MarkItDown’s documentation states this upfront: its output target is not “aesthetically pleasing for human readers” but rather machine consumption.

This orientation drives its design choices. It doesn’t try to reproduce pixel-perfect PDF layouts. Instead, it preserves semantic structures like headings, lists, tables, and links while discarding decorative elements. For LLMs, semantic structure is what matters — page layout is meaningless.

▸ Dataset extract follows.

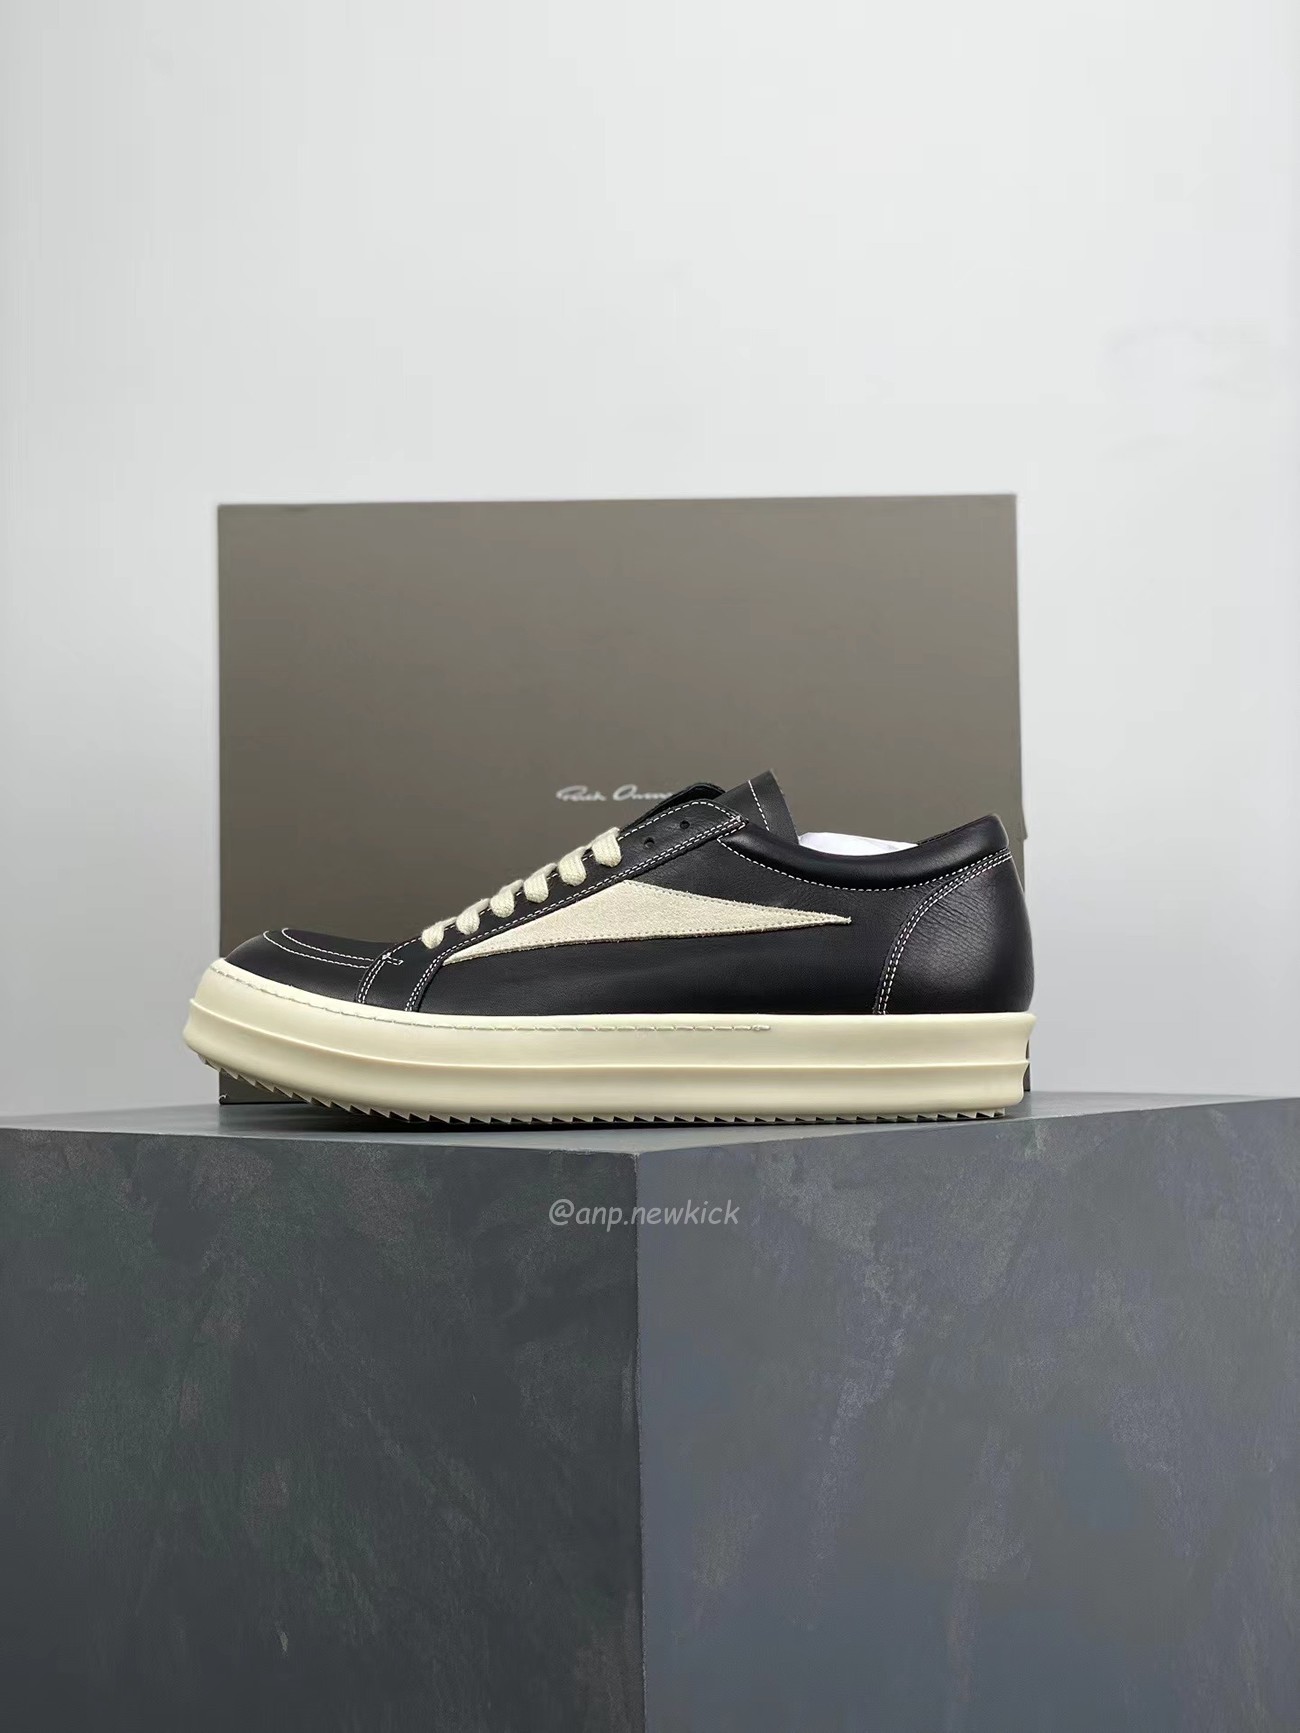 Rick Owens Leather Low Top Vintage Sneakers Suede Canvas Black Taupe Grey Faded Pnk Pearl Milk Dark Dust (8) - newkick.org

Compared to common alternatives:

PyMuPDF / pdfplumber: Only handles PDFs, outputs plain text, and structural information is easily lost
python-docx: Only handles Word documents, and you need to parse XML structures yourself
Unstructured.io: Similar in capability, but focuses more on splitting unstructured text; MarkItDown is more focused on format conversion itself
MarkItDown: One interface for multiple formats, with structured Markdown output

If your use case is “convert all the company’s PDFs, PPTs, and Excel files into a format that can be fed to an LLM,” MarkItDown saves you the hassle of finding a different parser for each format.

Supported Formats

Category	Formats
Office Documents	PDF, Word (docx), PowerPoint (pptx), Excel (xlsx/xls)
Web / Structured Data	HTML, CSV, JSON, XML
Media	Images (EXIF metadata + OCR), Audio (speech-to-text)
Other	ZIP archives, ePub, YouTube video subtitles

Image and audio conversion require additional dependencies. Images use OCR or connect to an LLM for generating descriptions. Audio uses speech-to-text (requires installing the corresponding extras).

Installation

# Full installation with support for all formats
pip install 'markitdown[all]'

# Install only the formats you need to reduce dependencies
pip install 'markitdown[pdf,docx,pptx]'

Supported extras include: pdf, docx, pptx, xlsx, xls, outlook, audio-transcription, youtube-transcription, az-doc-intel.

Usage

CLI

markitdown document.pdf > output.md
markitdown document.pdf -o output.md
cat document.pdf | markitdown

The CLI is suitable for quick testing or batch processing in shell scripts.

Python API

Basic usage is straightforward:

from markitdown import MarkItDown

md = MarkItDown()
result = md.convert("report.pdf")
print(result.text_content)

Connecting an LLM for image descriptions:

from markitdown import MarkItDown
from openai import OpenAI

client = OpenAI()
md = MarkItDown(llm_client=client, llm_model="gpt-4o")
result = md.convert("screenshot.png")
print(result.text_content)  # Contains AI-generated image description

It also supports converting URLs and YouTube subtitles directly:

result = md.convert("https://www.youtube.com/watch?v=xxxxx")

Practical Scenarios

RAG preprocessing is the most typical scenario. Convert all internal company PDFs, Word documents, and PPTs into Markdown, then chunk them, generate embeddings, and store them in a vector database:

from markitdown import MarkItDown
from pathlib import Path

md = MarkItDown()
for pdf in Path("./docs").glob("**/*.pdf"):
    out = pdf.with_suffix(".md")
    out.write_text(md.convert(str(pdf)).text_content, encoding="utf-8")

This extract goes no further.